Directions> Write out, word for word, every line in the data below from the one containing "Used Bauer Goalie Mask" to the one containing "Intel Xeon Gold", both of them included.

Stored data>
****************

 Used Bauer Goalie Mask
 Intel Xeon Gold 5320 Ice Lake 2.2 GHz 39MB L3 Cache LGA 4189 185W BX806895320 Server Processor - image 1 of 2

****************

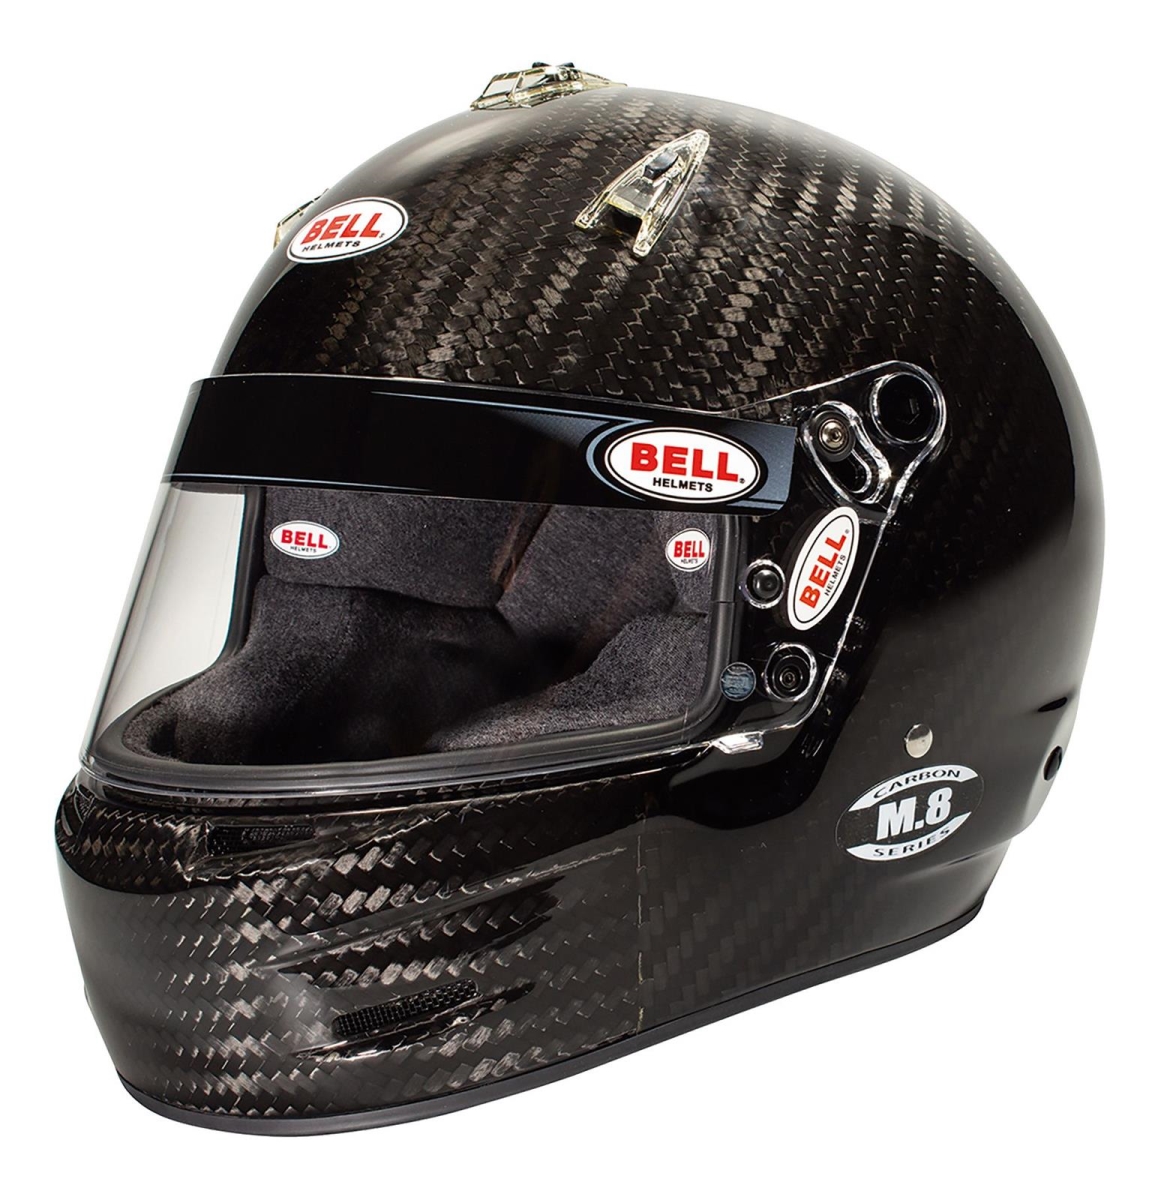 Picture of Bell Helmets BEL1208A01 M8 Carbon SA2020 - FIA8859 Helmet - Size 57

****************

Expected answer>
 Used Bauer Goalie Mask
 Intel Xeon Gold 5320 Ice Lake 2.2 GHz 39MB L3 Cache LGA 4189 185W BX806895320 Server Processor - image 1 of 2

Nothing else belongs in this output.